On a current project, I’d set up and gone though writing tests as I went along.  It was a colleague’s task to write a bunch of integration tests.  (The question of how many full, top-to-bottom integration tests are actually needed is an interesting, but different question… regardless, they are well understood and trusted)  It turns out that all of these interfaces and the tons of newing up required for the dependency injection got to be pretty painful, and what’s worse, confusing and unclear.  Also, as I was refining things, I continued to refactor what was there, so the constructor signatures were changing… messing up AL those integration tests.  I think if he were less nice, he would have said “WHY do you have to make this so confusing??”

Exactly the situation IoC containers were made for.  And I think I got it all set up in about an hour, from download to finish!  Which is a few hours less than I’d expected.  I couldn’t quite get my create down to a single line a) because I was dealing with VB.Net, an irritatingly verbose, hard-to-scan language, but more importantly b) I had to pass in a configured object in to one of my objects, and then pass THAT on to the constructor of object I was really trying to get.  Previously, this chain was hidden among the plethora of newed-up stuff.  Once the container was in place, all I had were these special items, right after each other-this chain of dependencies on the configured object was very clear… the cluttering vanilla dependencies were out of sight.  I consider this a huge, and unexpected benefit.  If I need to change my constructors to break things up more (I have a few places in mind)  then I won’t break these complex integration tests.  My mocked out tests, sure… but they are each restricted in what they touch anyway, so the trouble there is much less.

I know, these were tests, and people often don’t use containers for tests.  However, because of their being integration tests, it felt appropriate.

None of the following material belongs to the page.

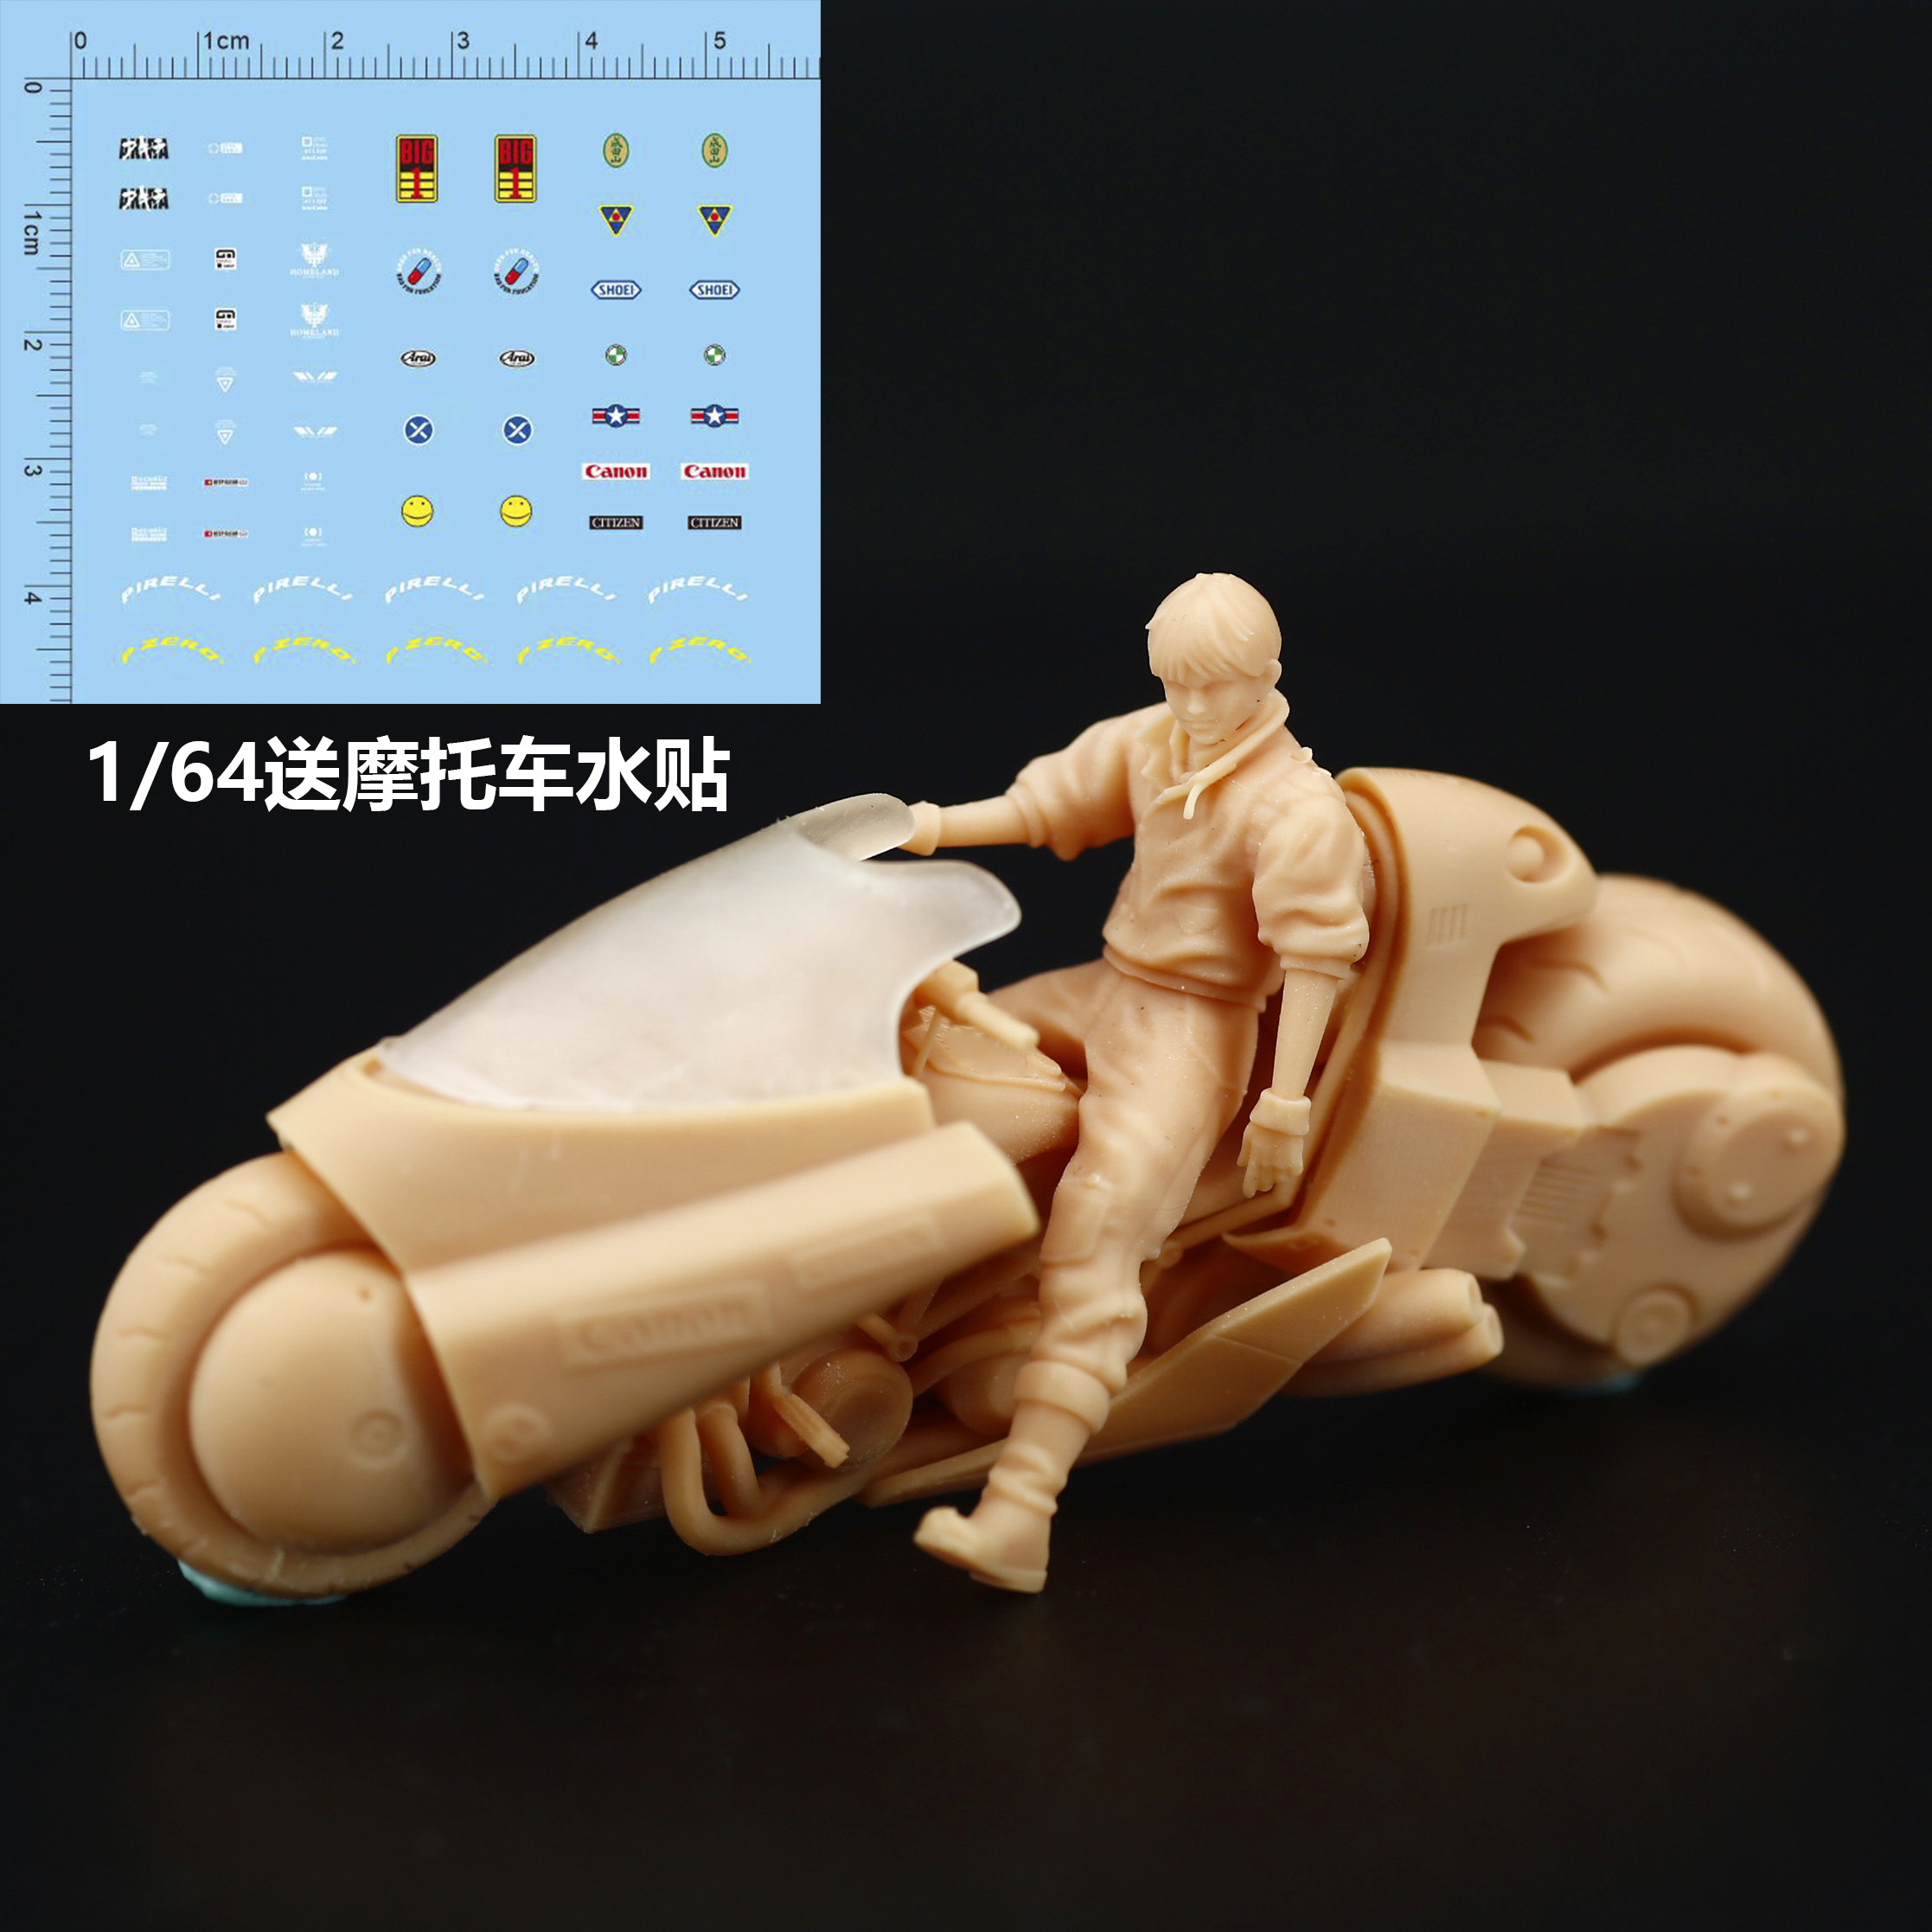 L062经典动漫阿基拉摩托车preiser模型1/64微缩创意景观沙盘小人
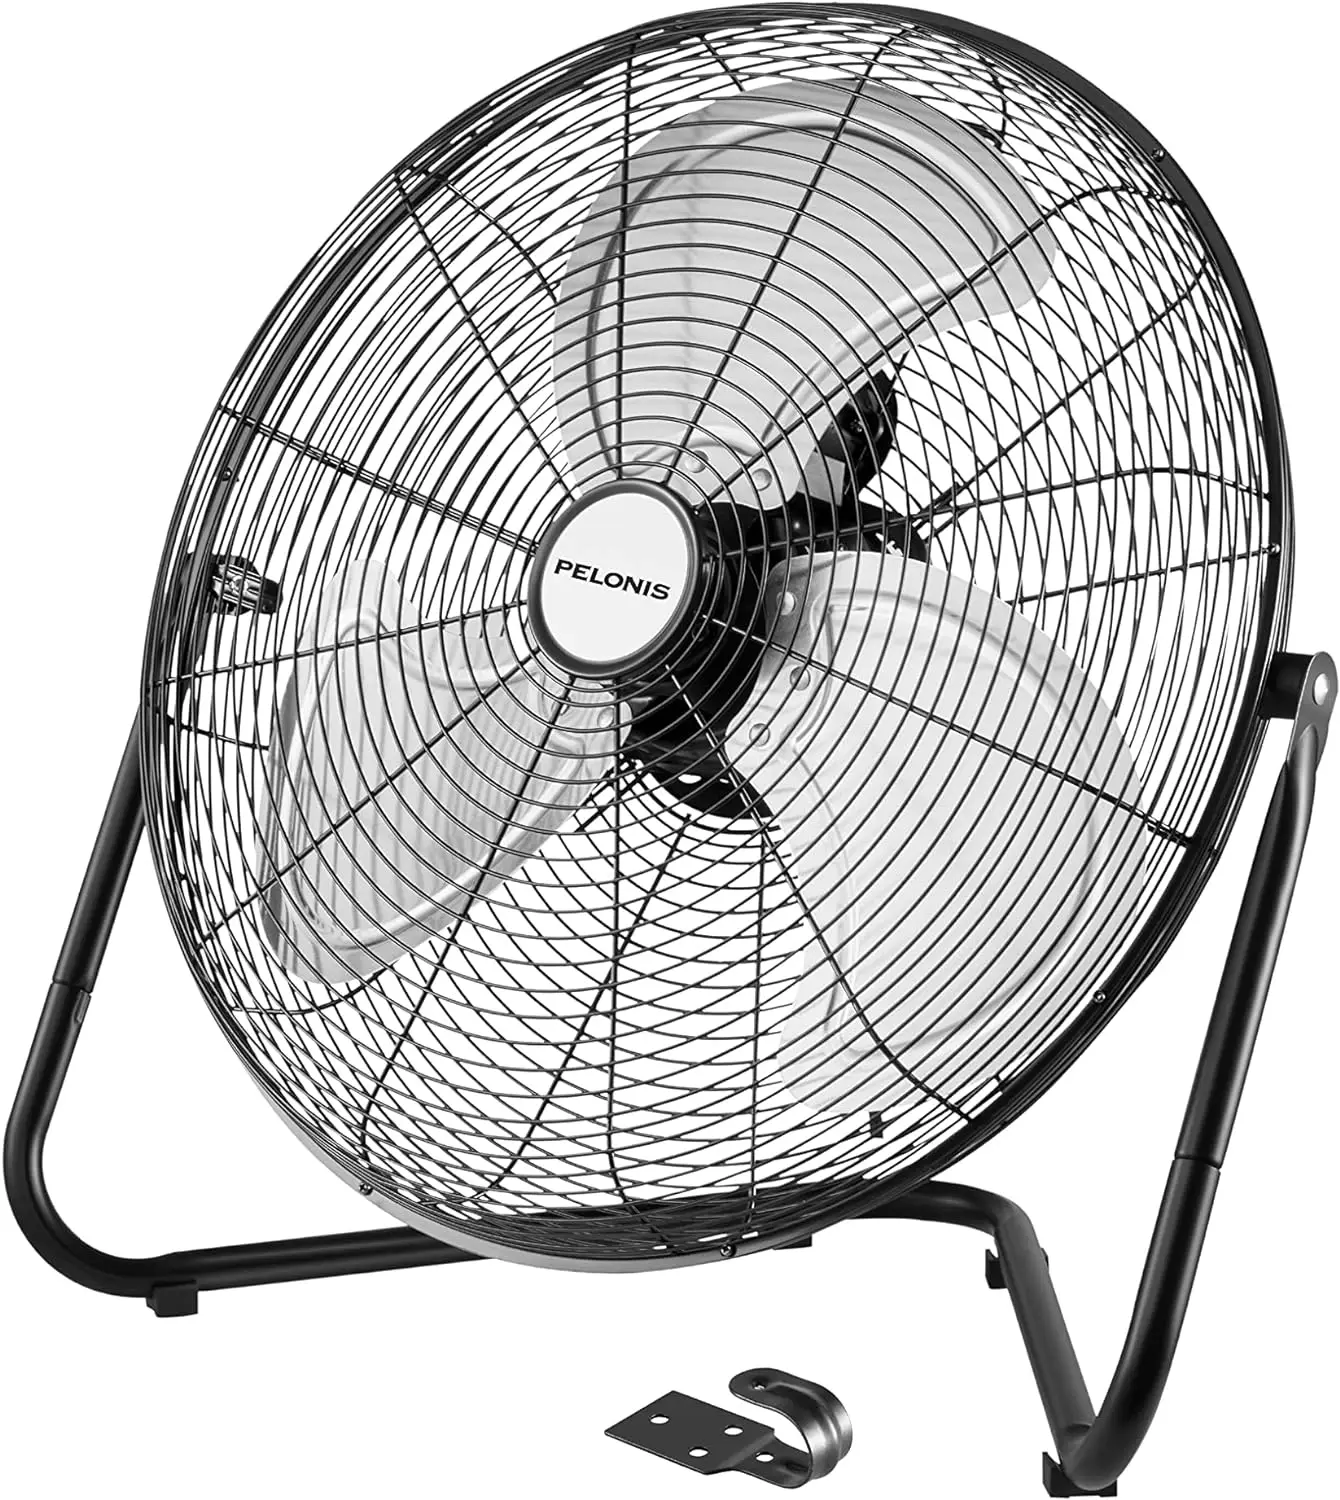 

Pelonis Fan 20 Inch Floor Fan | Heavy Duty All Metal High Velocity Floor Fan with 3-Speeds| Adjustable Tilting Head

An interesting point is that this is all going to end up being accessed through a single webservice, so the “live” newing up is only going to be in one place-so less *need* of a container for live.  This is just as well, because another team is doing the maintenance, and this way the unfamiliar stuff isn’t in actual live stuff that’ll could freak them out if something happens with it on live.  Same reason we went with VB…  Anyway, even if we don’t use it on “live” code, Windsor will still save us time.

Of note is really how all these things sort of come together as a package-  DI, mocking, IoC.  You want mocking, you do Dependency Injection, probably Constructor Injection.  You do much of that, and you’ll find yourself wanting something to magic everything up… thus your Inversion of Control Container.  I’d looked at containers a few months back (I’d heard them mentioned a LOT, and thought I should look into them), but I didn’t quite get a grasp of when or why you’d ever use them in practice.  I changed how I worked, and it became obvious.

AlamoCoders

September 9th, 2008

Attended an AlamoCoders meeting tonight.  Interesting talk on jQuery by John Teague. I’d previously seen Front-End Developers doing stuff with it, but I didn’t really “get” it-not that I’d looked into it, or tried… what with struggling to pick up nHibernate, DI, and that whole world of things, I felt like my plate was already pretty full.  This overview really helped though.  Previously, I’d glanced at a bunch orf jQuery code and just thought “uh, that’s not js…. not sure what this is. must look at-eventually”  turns out, the key things with jQuery are 1) philisophically jQuery is set up to work on elements much like CSS does.  it finds, groups, filters, etc upon the same IDs and element types that CSS does.  It looks a bit different, but much of jQuery stuff is really just finding elements, picking out selectors, etc.  2) jQuery is sort of like working at the UNIX command line-it’s all about feeding the results of one thing to the other… jQuery code is chains of long commands that find, filter, and then do something (like assign a function to a click action)  this code is short, and once you get the hang of it, easy to read.  As a side benefit, it even keeps code out of the HTML.. not even any “onClick” commands.  Nice.  doing *that* without a library is not fun at all.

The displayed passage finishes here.